With the second reexamination all but concluded (90/009,329) , TiVo informed the CAFC of the development by letter on October 13, 2010. TiVo noted in their communication that the conclusion of the reexamination has no direct bearing on the contempt issue currently before the CAFC. Last Tuesday, EchoStar responded with a letter of their own in which EchoStar (surprise surprise) asserts that the conclusion of the reexamination has everything to do with the issue on appeal.
In their letter (here), EchoStar argues that the reexamination creates additional, substantial open issues regarding infringement. EchoStar argues that TiVo has disclaimed claim scope of several key terms. In arriving at this conclusion, EchoStar attempts to seize on certain examiner language provided in the notice of the intent to issue the reexamination certificate (NIRC, 10/6/10).
In the NIRC (here), the examiner explained that:
Specifically, Patent owner has now clarified and further defined the meaning of the claim terms “transform object”, “source object”, “sink object”, and “automatic[ally] flow control[led]” in light of the understanding of the terms provided in the ‘389 specification. The examiner now interprets these terms in light of Patent owner’s arguments, and as expressly disclosed in the ‘389 specification. (emphasis added)
In their letter, Echostar has focused on the language clarified and further defined as an indication that the USPTO somehow relied upon a disclaimer of claim scope to confirm the TiVo patent.
While the examiner explained that the supplemental declaration materials filed by TiVo further clarified and refined previously made arguments (i.e., original declarations), this does not necessarily mean that any disclaimer was made.
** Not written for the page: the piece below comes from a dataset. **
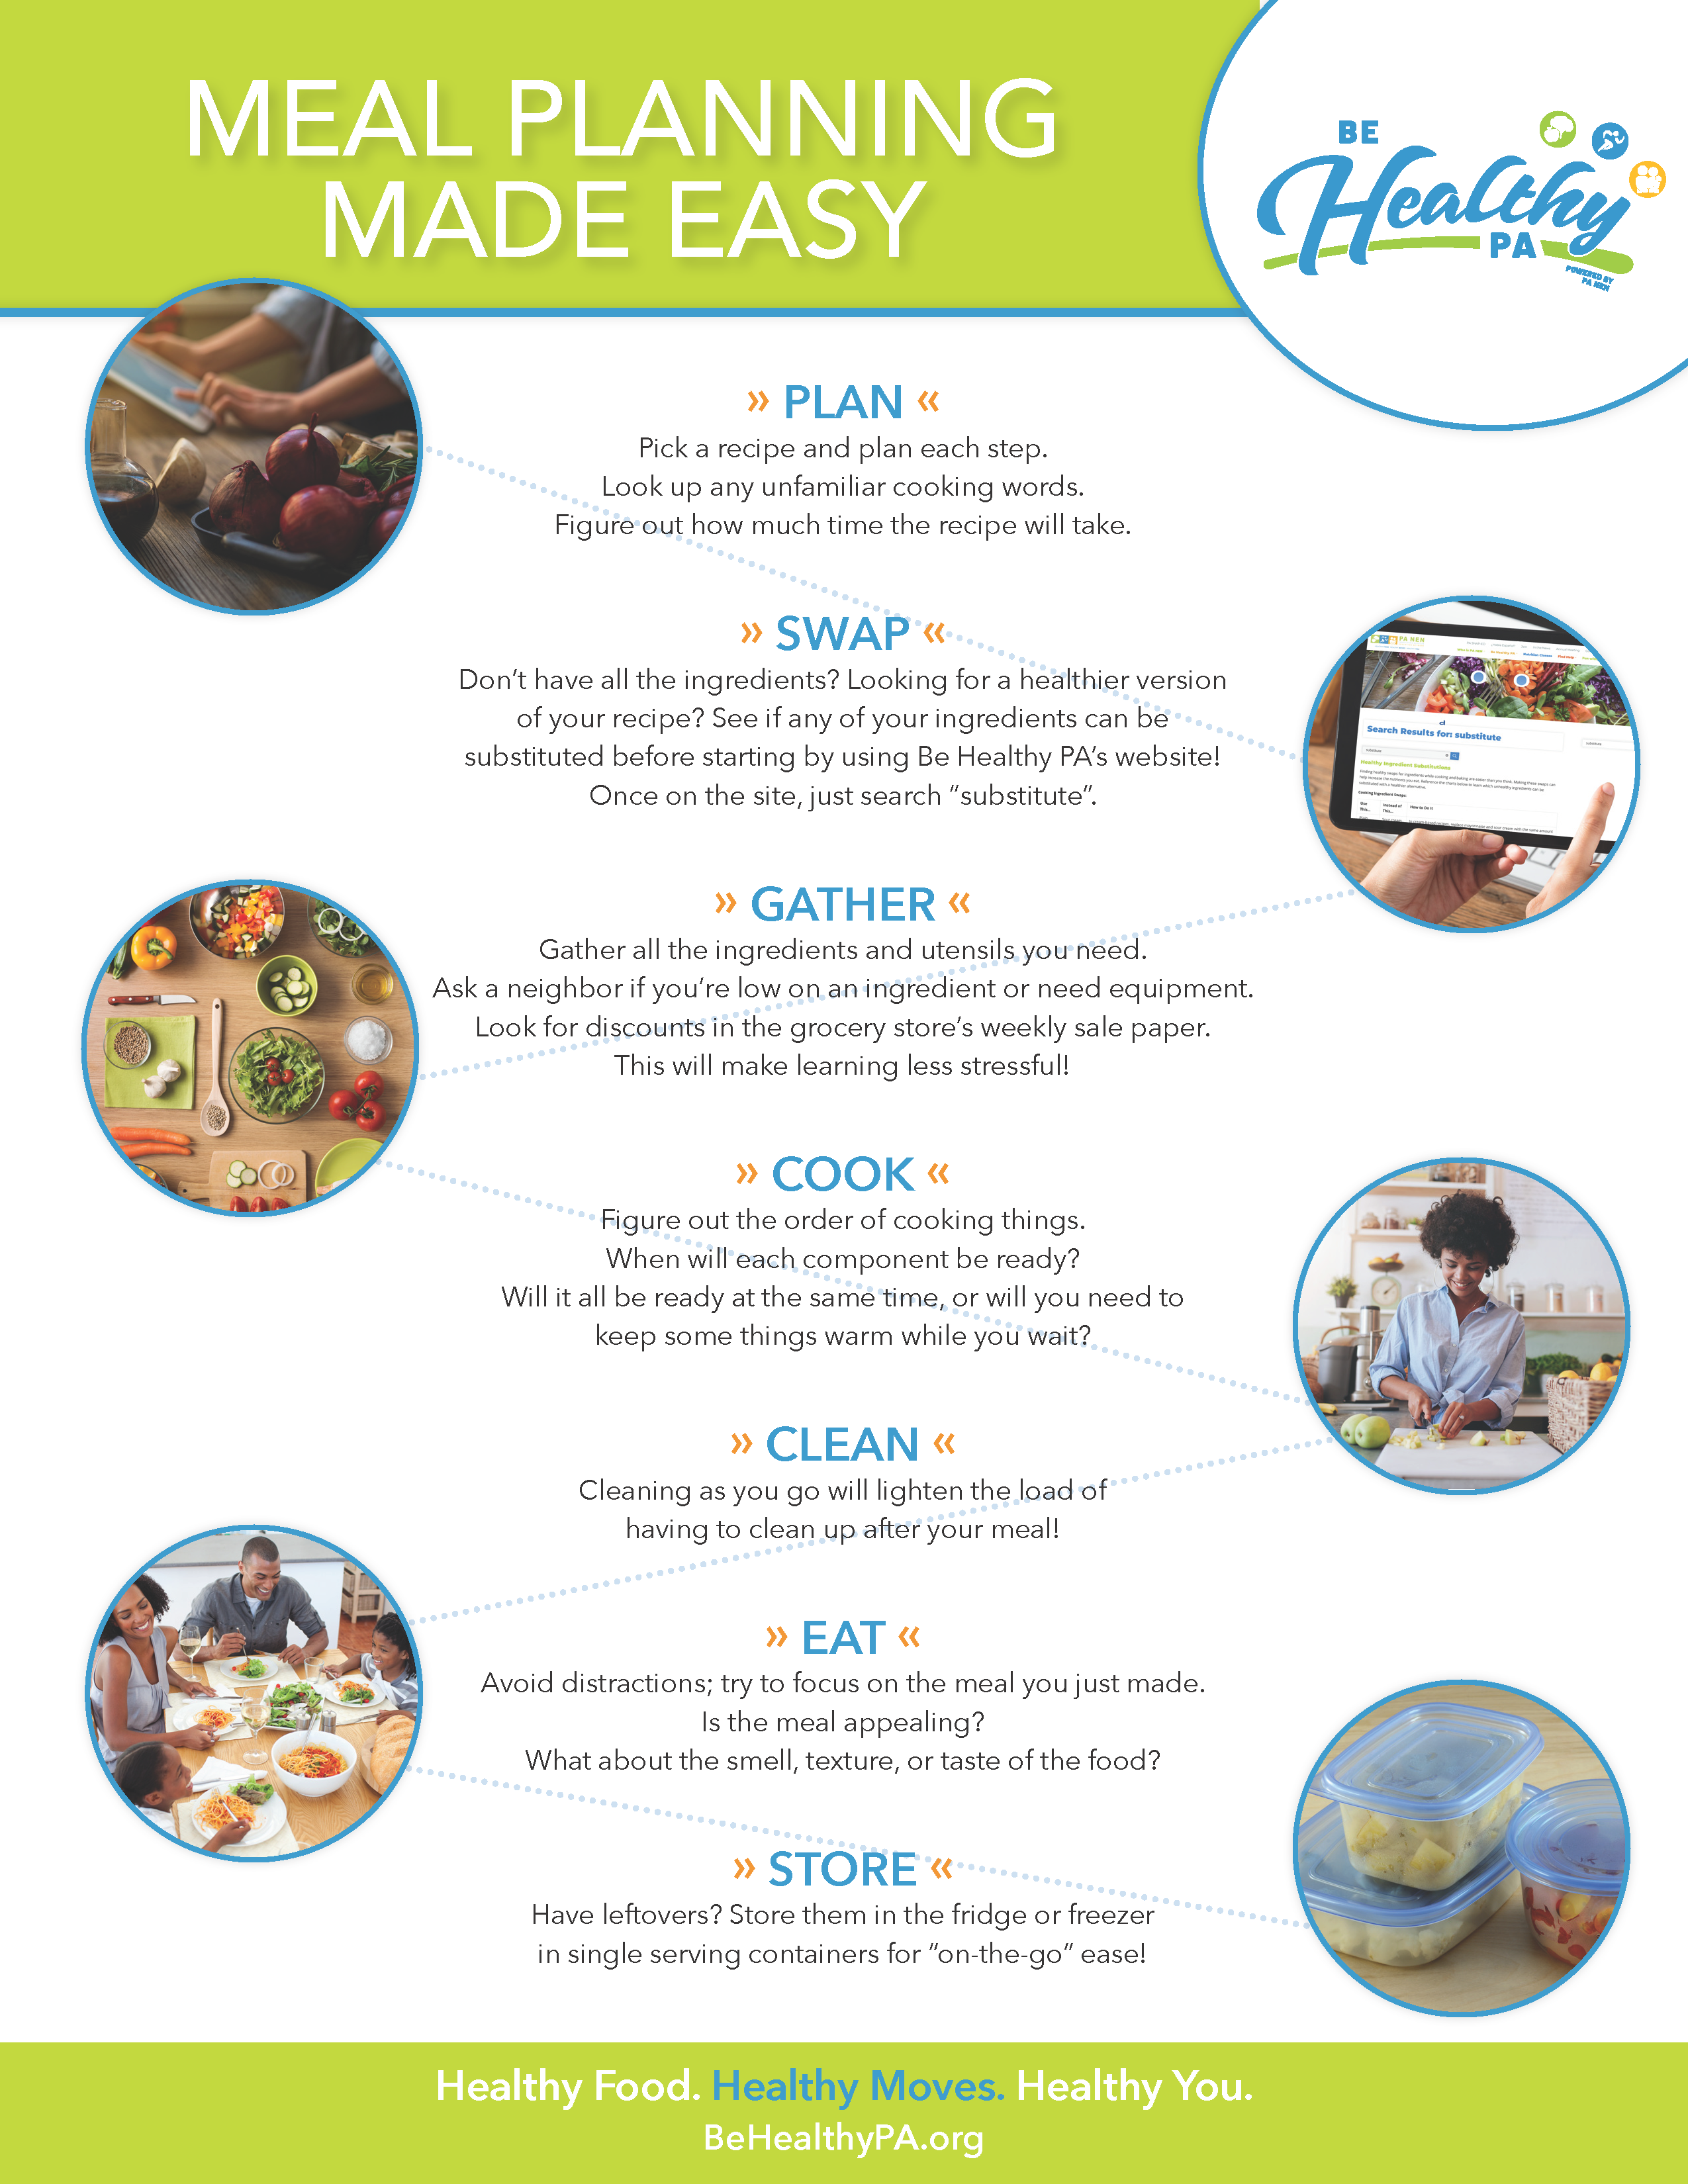 Affordable meal planning guides

In fact, knowing full well the impact of any statements made during the patent reexamination on the ongoing dispute with EchoStar, it seems very unlikely that such a disclaimer would exist in fact. Likewise, unless clear and unequivocally made by TiVo in their filings, any examiner comments in the NIRC are not binding on TiVo. Salazar v. Proctor & Gamble Company, 414 F3d. 1342 (Fed. Cir 2005)
Of course, the ultimate question of whether or not disclaimer exists is not really important to EchoStar, they would just like to derail the appeal and get a remand, or a reversal based on “additional, substantial open issues.”